When you show up at a Portsmouth Pride Festival on a Saturday afternoon in October, and when you share a story there, of love without boundaries, and grace without exception, and a church without judgment—you are confessing a faith that heals and restores. You are bearing this hope together and imagining with them a world liberated from hatred, reconciled in love. A world we can all live in and care for and bless. And that my friends, that is the essence, the meaning, the practice of freedom. Freedom with God. Freedom for one another.

And when you pick up the phone to call a friend in need, a neighbor with cancer, or a parent whose child is overwhelmed by despair—when you make that call and offer yourself to another—you are confessing a faith that heals and restores. You are bearing this hope together and imagining a world stitched together by compassion, a world warmed by tenderness and touch, a world where you and I keep watch for one another. And that too—that is the essence, the meaning, the practice of freedom. Freedom with God. Freedom for one another.

And it won’t always to easy or without complication and conflict. Our wrestling will involve differences of opinion and sometimes even competing priorities. But there too, we look upon one another with lovingkindness and respect. Even in our disagreements, we recognize our shared faith, our shared love, our shared calling as the people of God in this place. And that is freedom. That stirs the power of God, the freedom of God in our hearts. We are free to listen carefully, to work bravely together, to disagree honestly, and to move forward in compromise, compassion and (yes) confession. Because, as we say, God is good. All the time!

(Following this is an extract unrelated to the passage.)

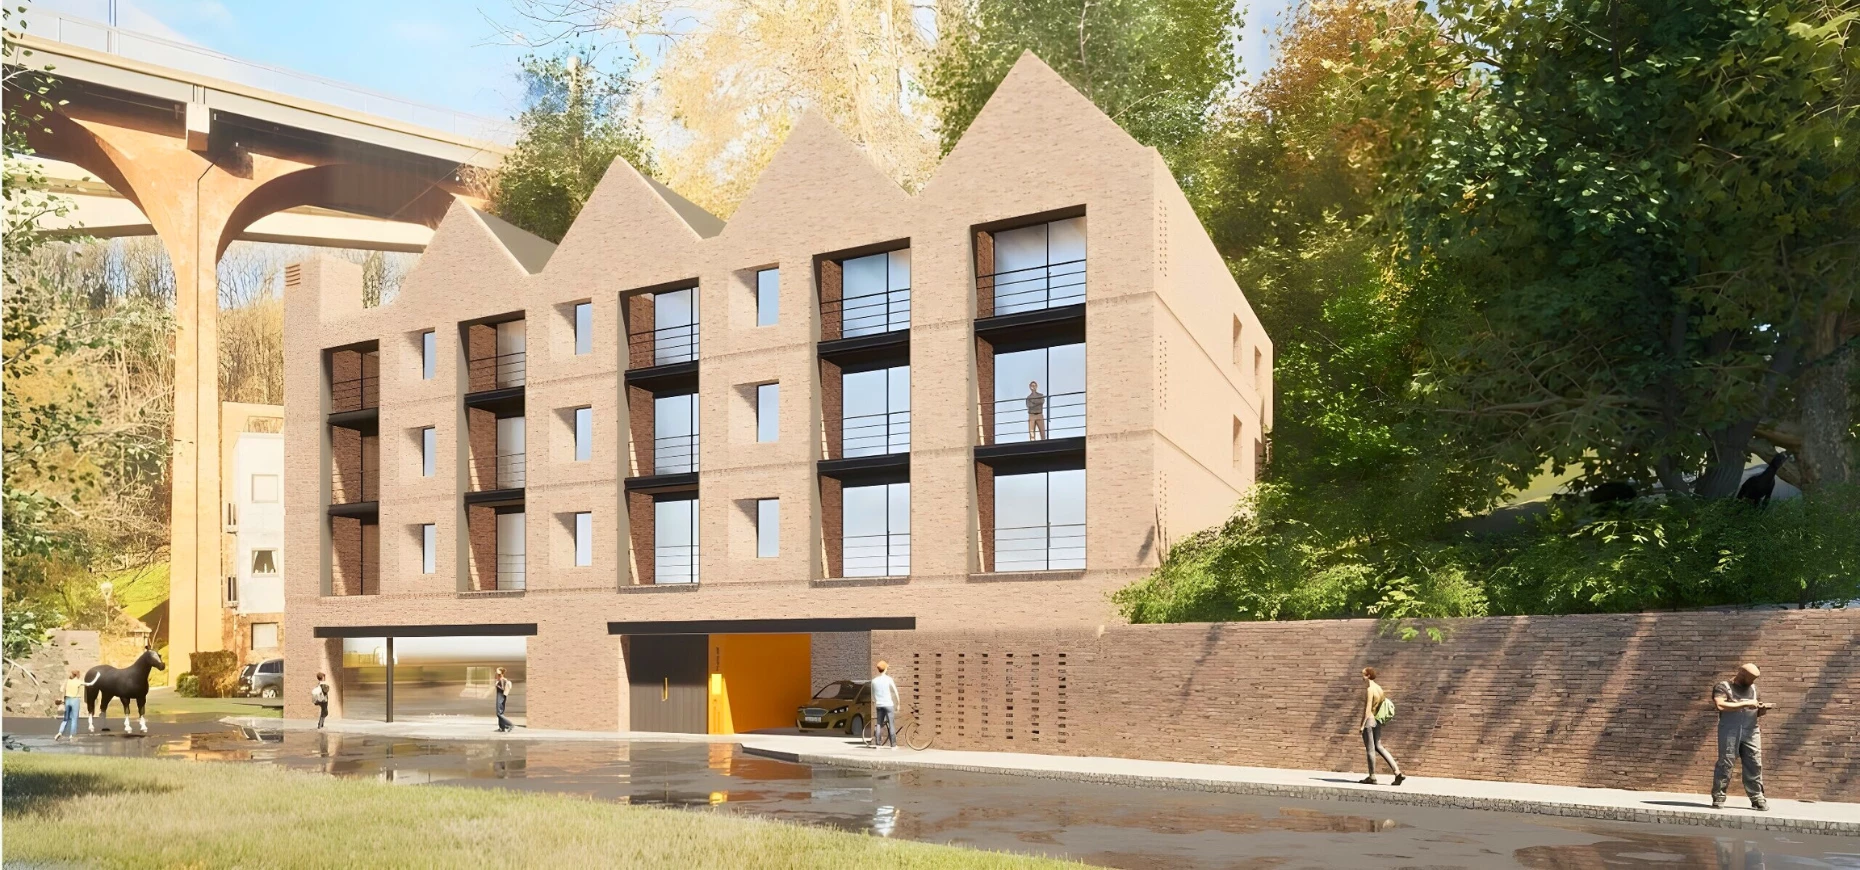 CG image of modified apart-hotel plans for Ouseburn valley

What you need to know is this. We are here for you. You do not have to do this kind of confessing alone. We are here for one another. We come together to confess all the love in our spirits and all the pain in our hearts. That’s what church is. That’s what all this means. We go out to the wilderness together. We stand in the light together. We surrender to the river together.

And we receive over and again the blessing of God’s spirit. And we rejoice in the forever kindness of God’s peace. And we become the hands, and the feet of God’s mercy. Together. And that’s our confession. Every one of us, all of us, bathed in the light of God’s Spirit. And we become the hands, the feet, the manifestation of God’s mercy and freedom. Amen.